Probability for a random permutation

Question

Given a set of $N$ elements and a uniformly distributed random number generator, which always generates values between $0$ and $N-1$. Then the probability to get a random permutation (without re-draws) is given by:

$$p_{0, right} = \prod_{i = 1}^{N-1} \frac{N-i}{N}$$

The $0$ indicates no re-draw. For the example N = 4, this results in following:

$$p_{0, right} = \frac{3}{4} \cdot \frac{2}{4} \cdot \frac{1}{4} = 0.09375$$

If we are allowed, to re-draw once, then the probability increases. Re-drawing can happen at any position. For the given example above, we can re-draw at three different positions. If we re-draw at the first position, the probability for that is given by:

$$p_{1} = \left( \frac{3}{4} + \frac{1}{4} \cdot \frac{3}{4} \right) \cdot \frac{2}{4} \cdot \frac{1}{4}$$

This is repeated for all other re-draw positions, to get $p_{2,3}$. The probability to get a random permutation with maximum 1 re-draw is then given by

$$p_{1, right} = p_{0, right} + p_1 + p_2 + p_3$$

My question no is how to generalize this for to $k$ re-draws?

Answer 1

Your probability isn't right because you're overcounting the cases where you don't have to redraw; they're counted in all four of your terms.

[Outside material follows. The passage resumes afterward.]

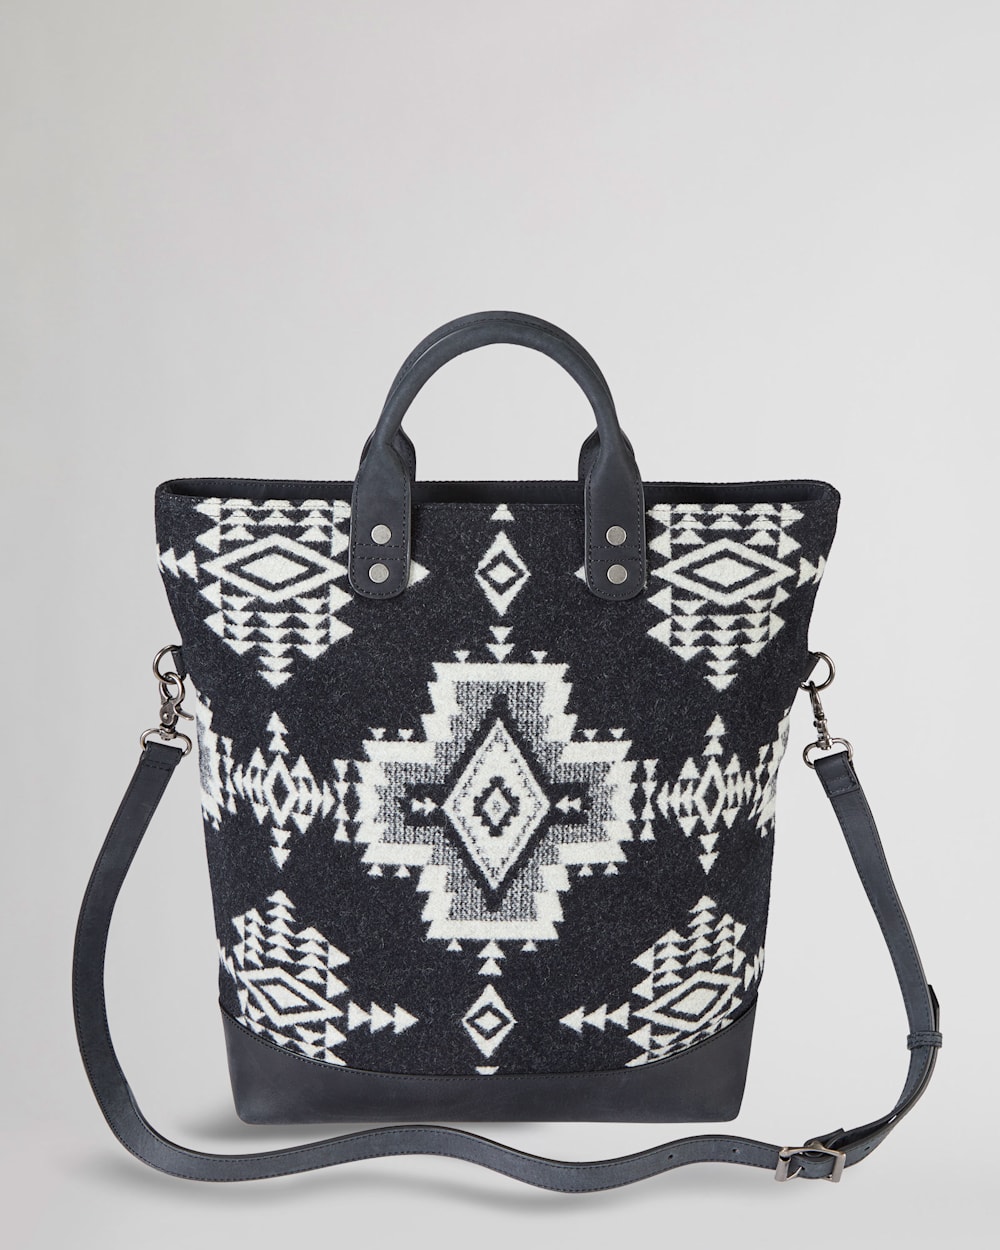 ALTERNATE VIEW OF ROCK POINT LONG TOTE IN BLACK image number 2
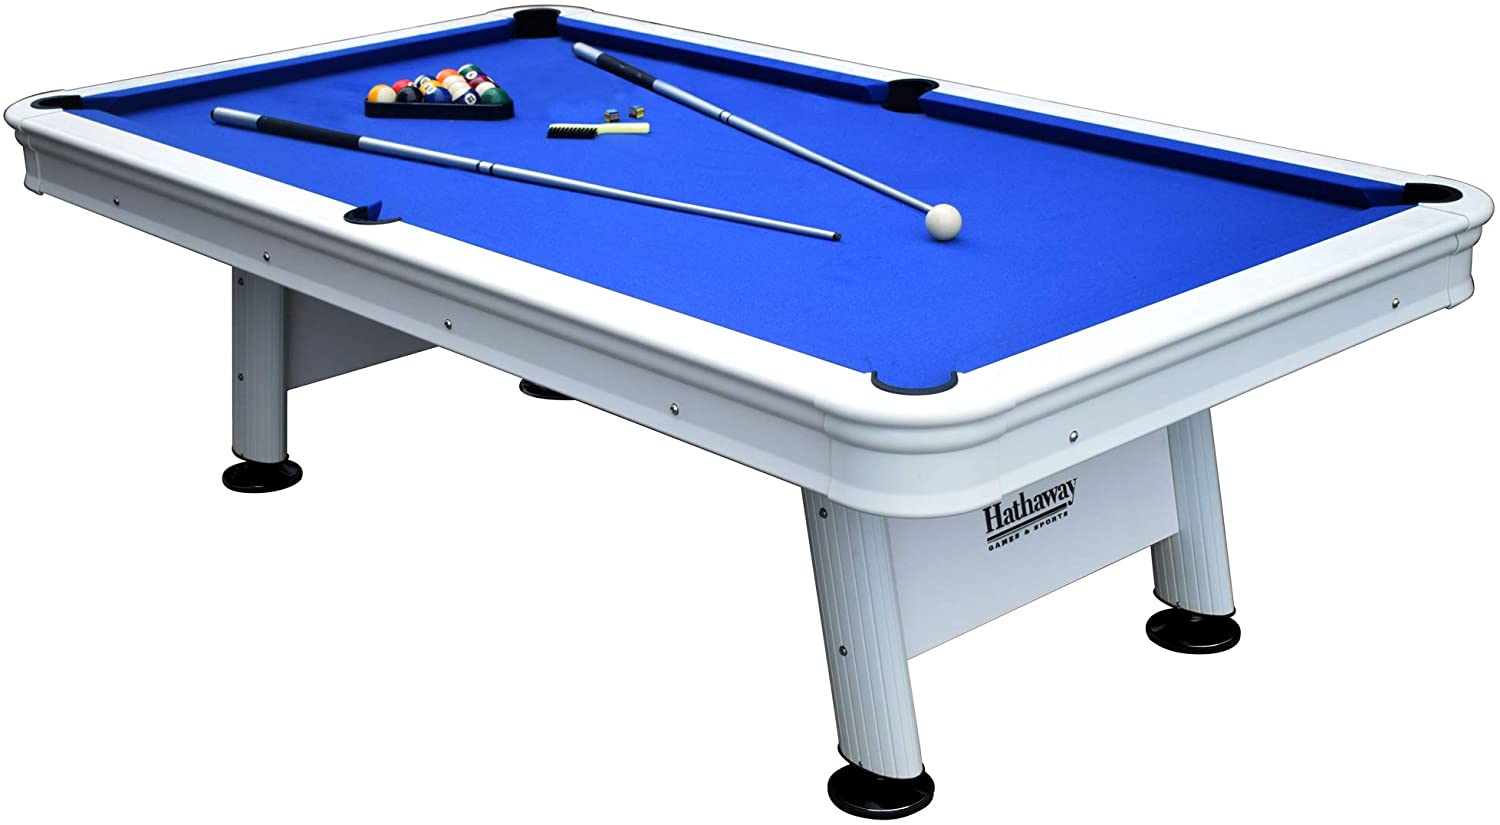 Hathaway Alpine 8-ft Outdoor Pool Table with Aluminum Frame and Waterproof, UV-Resistant Felt - Includes Accessories, White

A simpler approach to this: The probability $p(N,k)$ of getting a permutation of $N$ elements allowing $k$ redraws is the probability of getting all $N$ elements in $N+k$ draws. This corresponds to the probability distribution of the coupon collector's problem for $N$ coupon types, which is given e.g. here; see also here and here. Thus

$$ p(N,k)=\frac{N!}{N^{N+k}}\left\{N+k\atop N\right\}=\frac1{N^{N+k}}\sum_{j=0}^N(-1)^{N-j}\binom Njj^{N+k}\;. $$